Mizuho-Analyst Dan Dolev erklärte in seinem Bericht, dass das Geschäftsmodell von Open USD „das Geschäftsmodell von Circle grundlegend verändern könnte, das darauf basiert, den Großteil der Treasury-Rendite einzubehalten, um Umsätze zu generieren".
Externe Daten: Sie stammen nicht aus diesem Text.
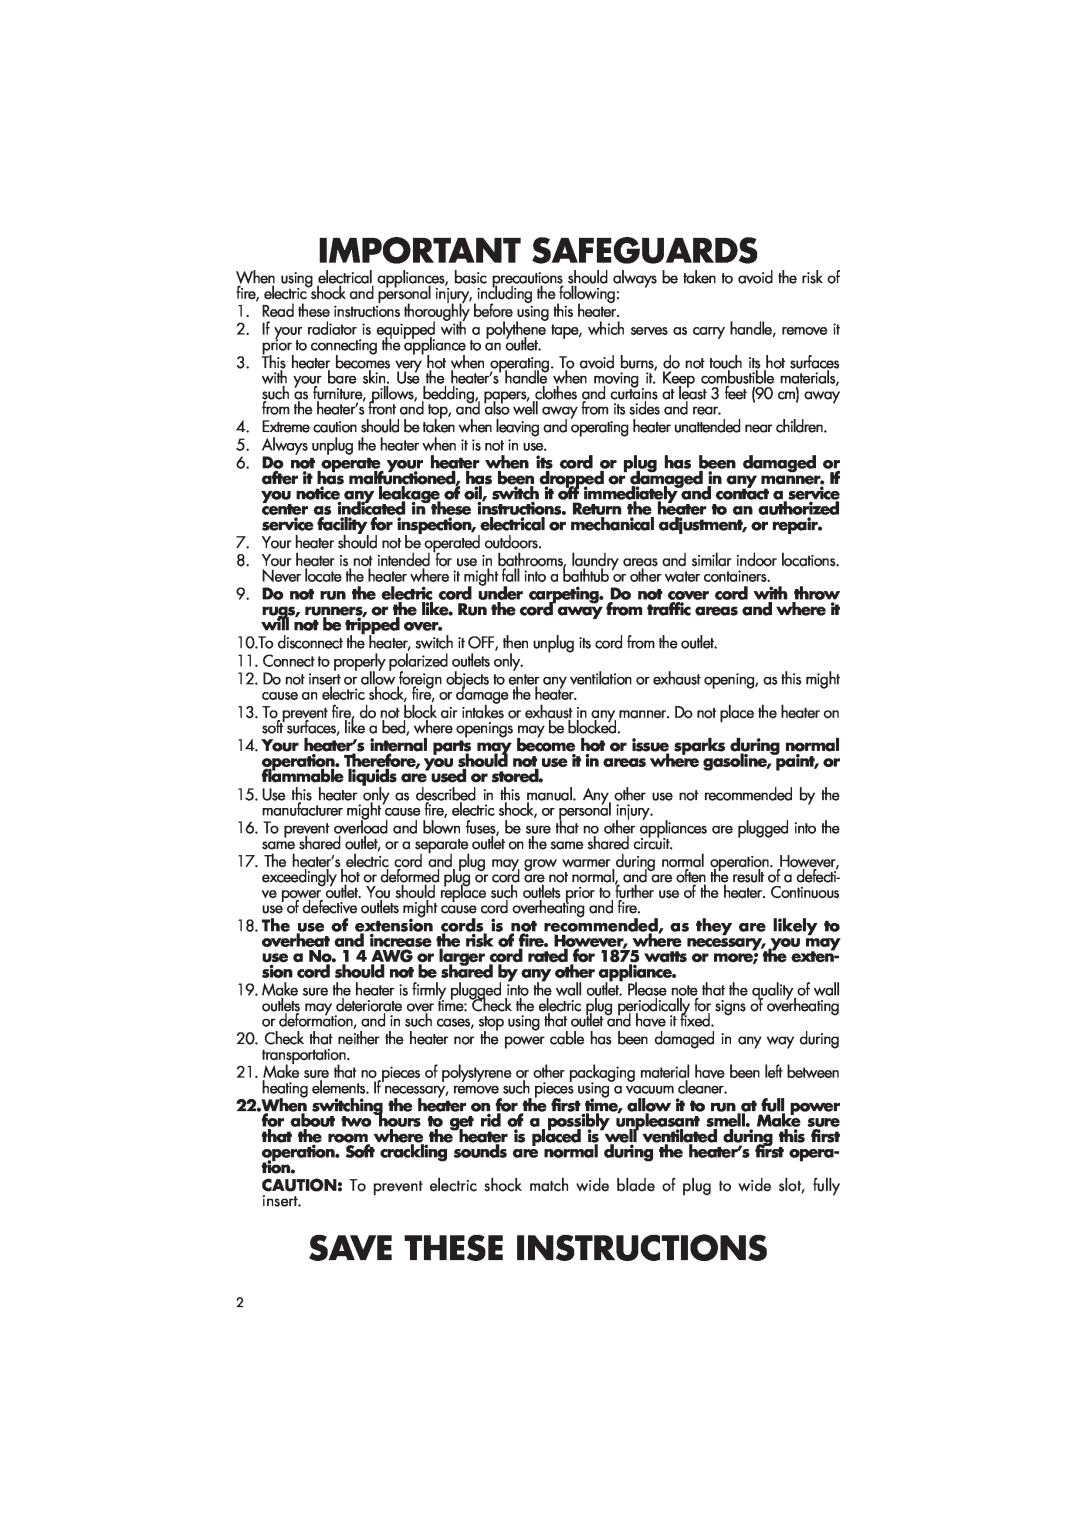 DeLonghi 6708EK manual Important Safeguards, Save These Instructions

Um diese Einschätzung zu verstehen, lohnt sich ein Blick auf die Gewinnstruktur von Circle. Das Kerngeschäft von Circle ist äußerst fokussiert: Nutzer hinterlegen US-Dollar, um USDC zu prägen, und Circle investiert sämtliche Reserven in kurzfristige US-Staatsanleihen, um von der Zinsdifferenz zu profitieren. Nach der Umsatzbeteiligung mit Vertriebspartnern wie Coinbase und Binance verbleiben bei Circle tatsächlich etwa 38 % der Reservenerträge. Im Geschäftsjahr 2025 belief sich der Gesamtumsatz von Circle auf 2,747 Milliarden US-Dollar, wobei allein die Vertriebskosten an Coinbase jährlich über 900 Millionen US-Dollar ausmachten.
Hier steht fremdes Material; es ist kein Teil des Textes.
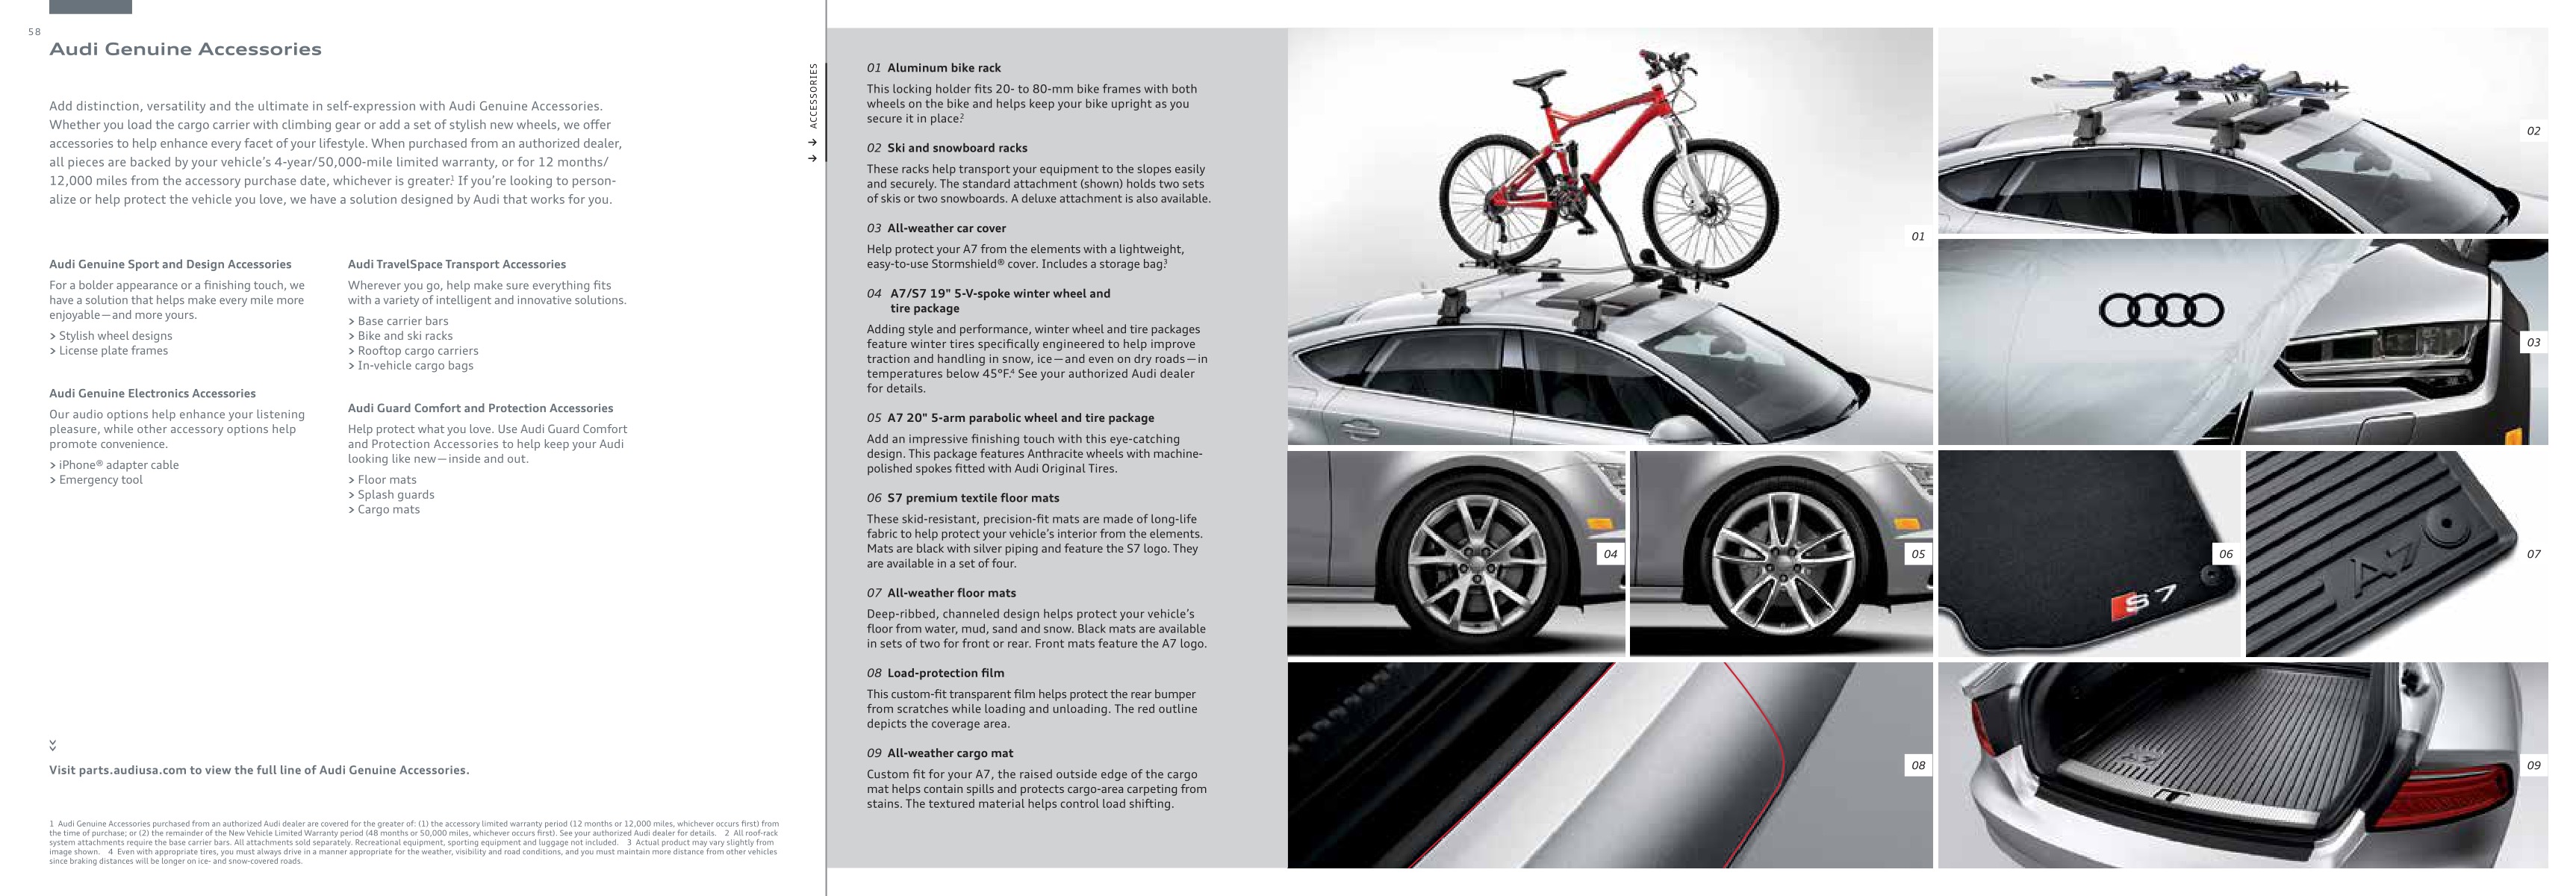 2016 Audi A7 Brochure Page 20

Open USD verfolgt einen radikal anderen Ansatz. Unter der Leitung der Open Standard Alliance schüttet OUSD den Großteil der Reservenerträge direkt an Emittenten und Distributoren aus und behält lediglich eine geringe Verwaltungsgebühr ein. Der Allianz gehören über 140 Unternehmen an, darunter Visa, Mastercard, Stripe, BlackRock, Coinbase und Google. Stripe hat bereits angekündigt, OUSD als Standard-Stablecoin für Geschäftstransaktionen auf seiner Plattform einzuführen, und Coinbase hat bestätigt, OUSD in das Base-Netzwerk zu integrieren.
Mizuho sieht in diesem „Profit-Sharing"-Modell drei Belastungsfaktoren:
Erstens: Größere Verhandlungsmacht der Distributoren. Die Umsatzbeteiligungsvereinbarung zwischen Circle und seinem größten Vertriebspartner Coinbase läuft im August 2026 aus. Coinbase ist zudem Gründungsmitglied von Open USD und kann daher mit mehr Nachdruck verhandeln. Mizuho erwartet, dass die Vertriebs- und Transaktionskosten von Circle im Verhältnis zum Umsatz von 64 % auf 73 % steigen.
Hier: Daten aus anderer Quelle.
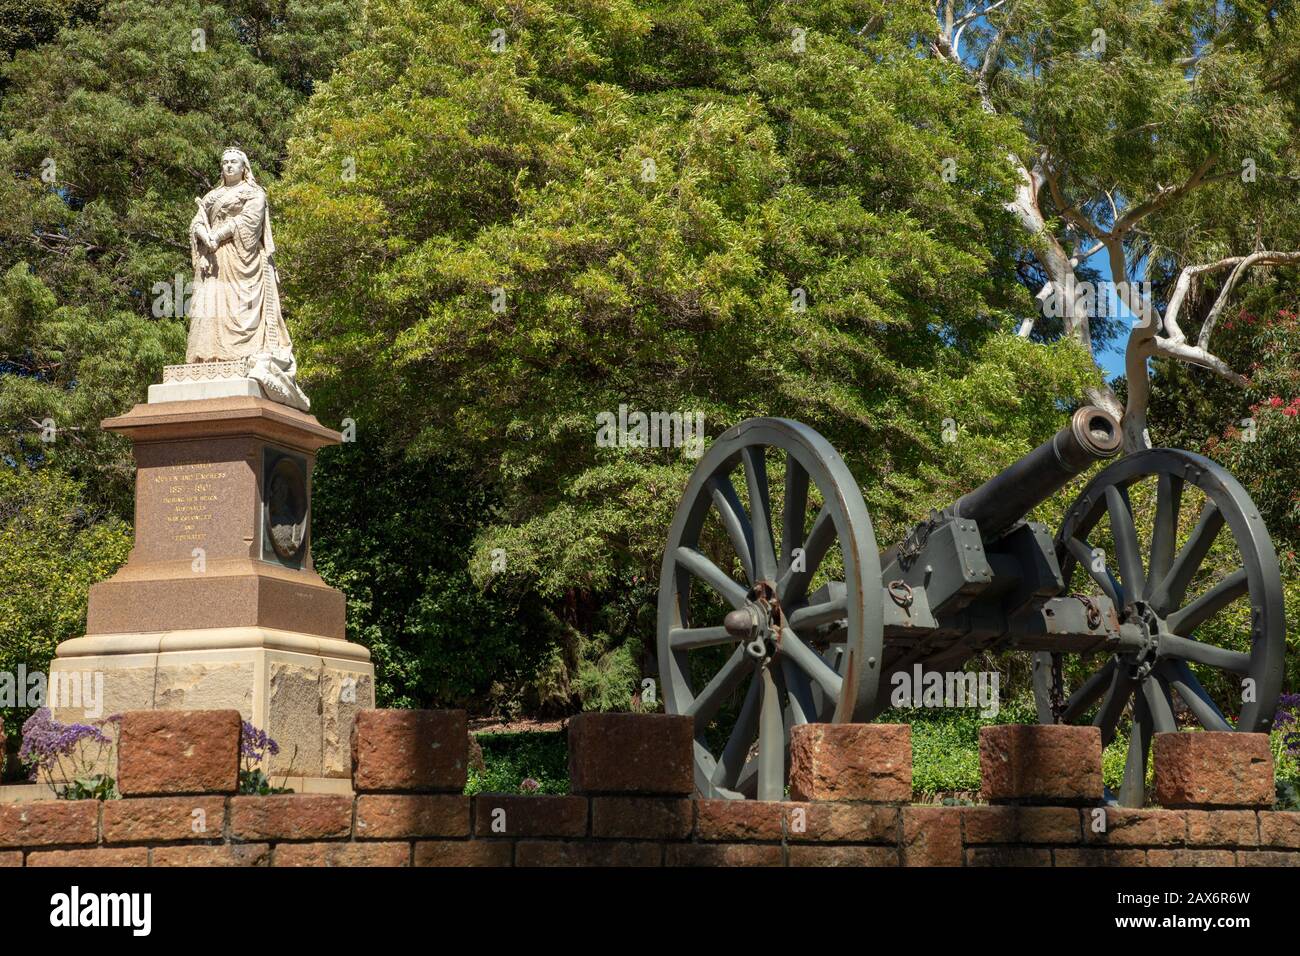 Statue of Queen Victoria seen in Kings Park, Perth, Australia. Stock Photo

Zweitens: Anhaltender Margendruck. Mizuho senkte seine Prognose für das bereinigte EBITDA 2027 von Circle von 1,09 Milliarden auf 699 Millionen US-Dollar – etwa 25 % unter dem Wall-Street-Konsens von 941 Millionen US-Dollar. Selbst unter der Annahme höherer Zinssätze im Modell für 2027 ist Mizuho der Ansicht, dass „dies nicht ausreicht, um einen möglichen Preisverfall auszugleichen".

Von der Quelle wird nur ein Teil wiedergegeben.